Man acquitted of drug trafficking charge

Rejects evidence of investigating officers as several discrepancies were found

December 03, 2014 09:31 am | Updated April 07, 2016 02:31 am IST - NEW DELHI:

A Delhi court has acquitted a man of the charge of carrying 8 kg poppy powder as the public witnesses refused to support the prosecution version on the seizure and sampling of the drug at the gate of Gurdwara Rakabganj in New Delhi last year.

The court also rejected the evidence of the investigating officers of the case as it found several discrepancies in it.

“In view of the discrepancies that have come to the fore during cross-examination of the police officials, it is to be held that the version put forward by the investigating agency that the search and seizure proceedings had taken place cannot be believed at all,” the court said rejecting their evidence.

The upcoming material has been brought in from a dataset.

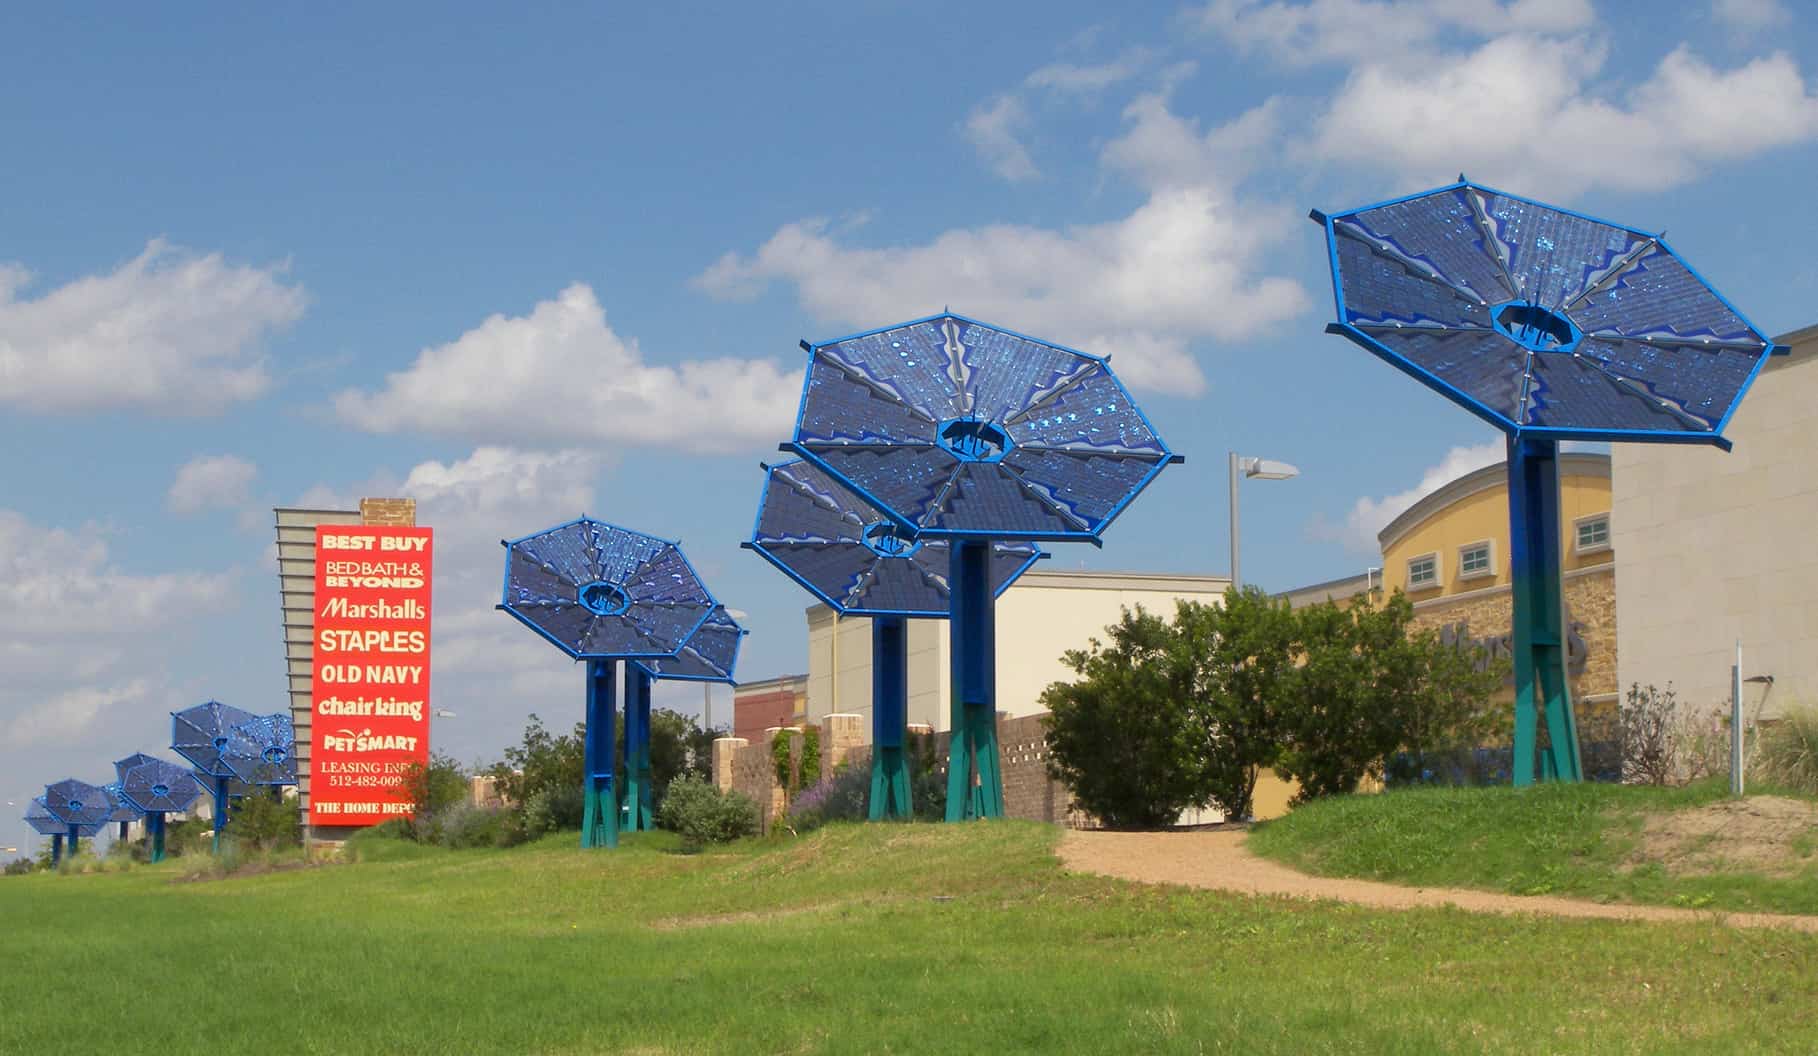 Solar power: Texas' lifeline amidst sweltering heat waves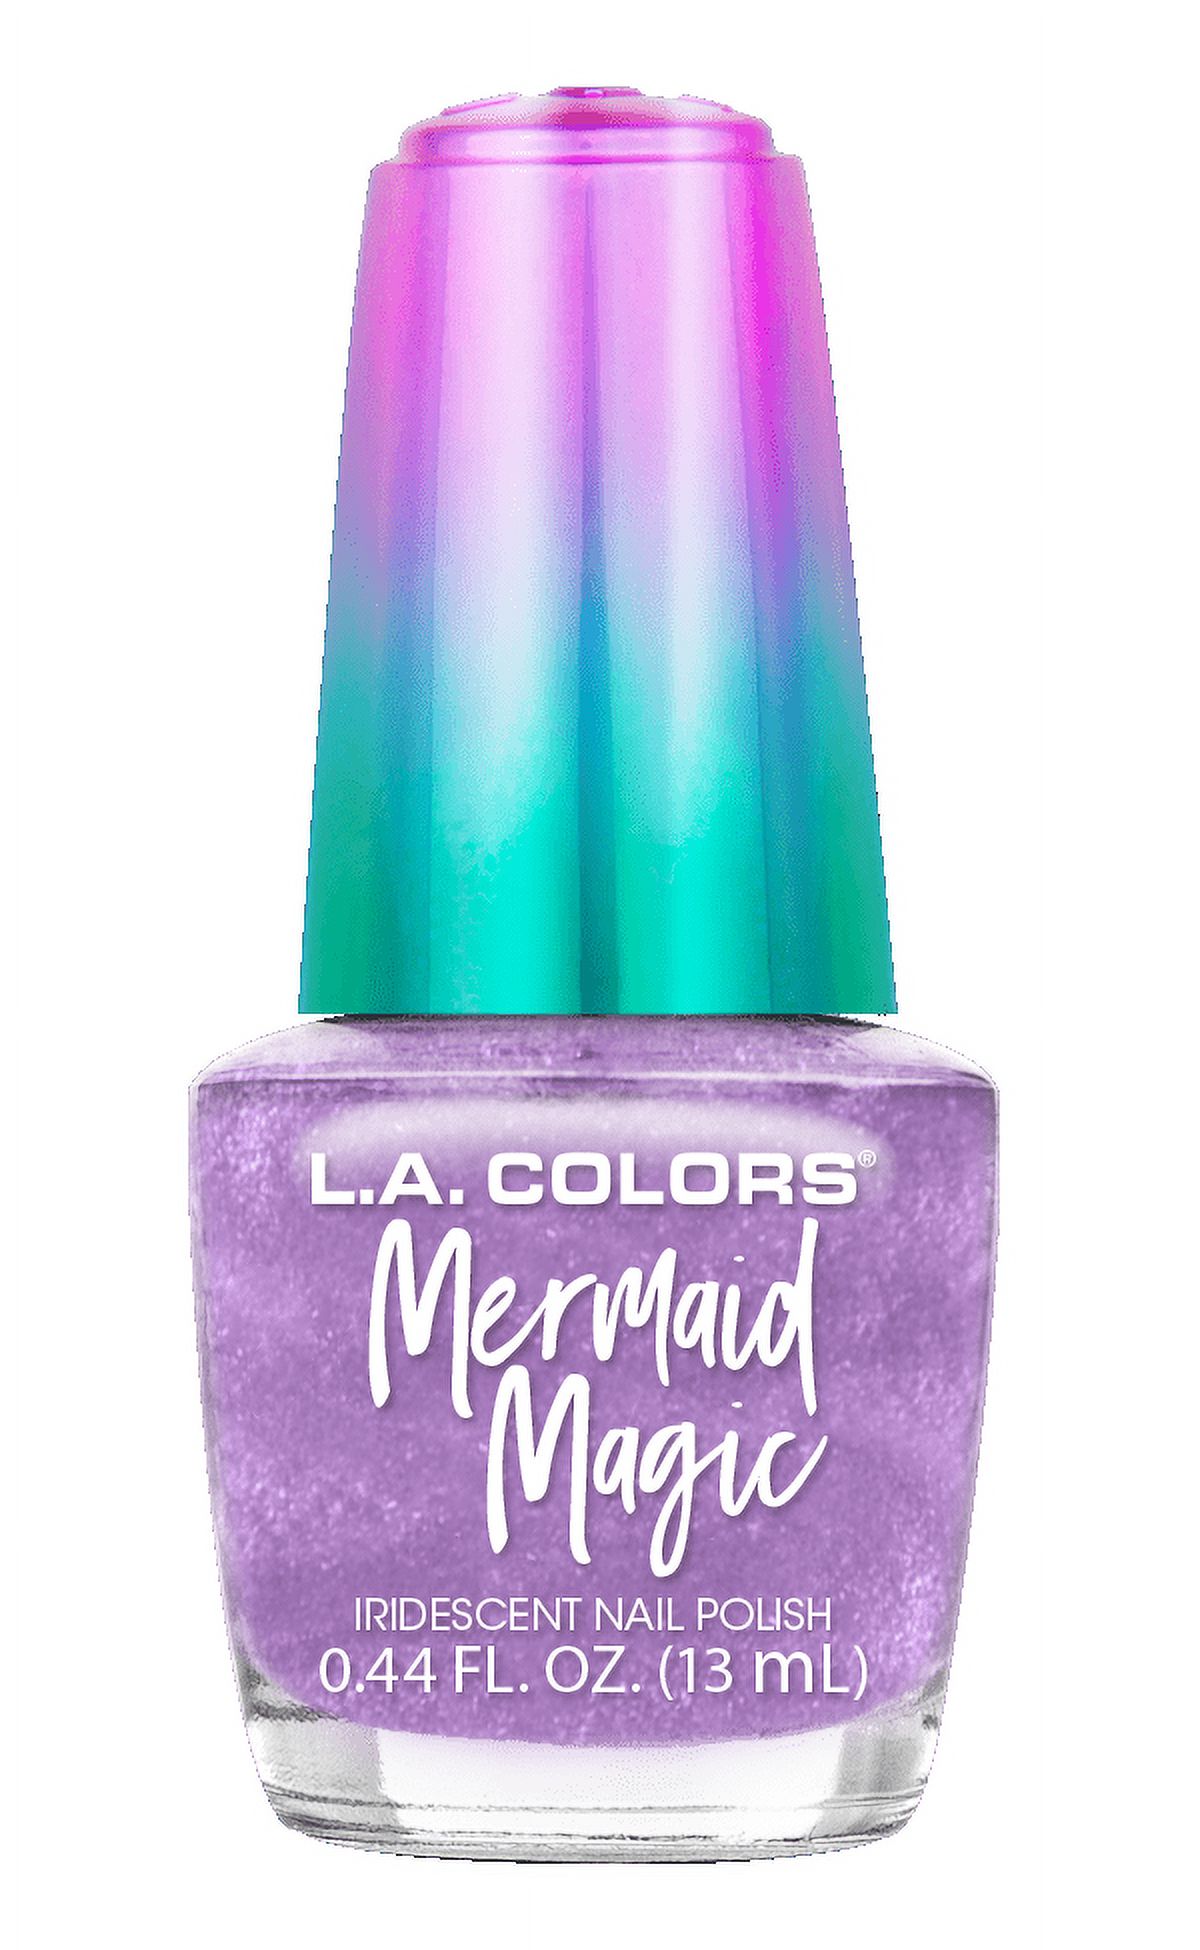 L.A. COLORS Mermaid Magic Nail Polish, Charms, 0.44 fl oz - image 1 of 6

“It is the complainant, Balbir Singh, who appears to have correctly deposed that no such proceedings had taken place at the spot and that the police officials had merely taken the accused from the Gurdwara to the police station,” the court further said.

“In view of such a finding, the accused in the present case cannot be convicted and will have to be given the benefit of doubt,” Additional Sessions Judge Anu Grover Bliga said while acquitting accused Baldev Singh in the case under the Narcotic Drugs and Psychotropic Substances (NDPS) Act.

“In view of the discussion this court is of the considered opinion that the prosecution has failed to prove the samples drawn at the Gurdwara and the spot of seizure of the contraband,” the Judge further said.

The police had arrested the accused on a tip-off. The accused was a Nihang and stayed at the Gurdwara. In his defence, he said that he had been implicated in the case at the instance of another Nihang who also stayed there following a fight with him a few days before the incident.

The public prosecutor in the case urged the court to reject the evidence of the Gurdwara officials in the case. But the court rejected the plea. The officials had turned hostile.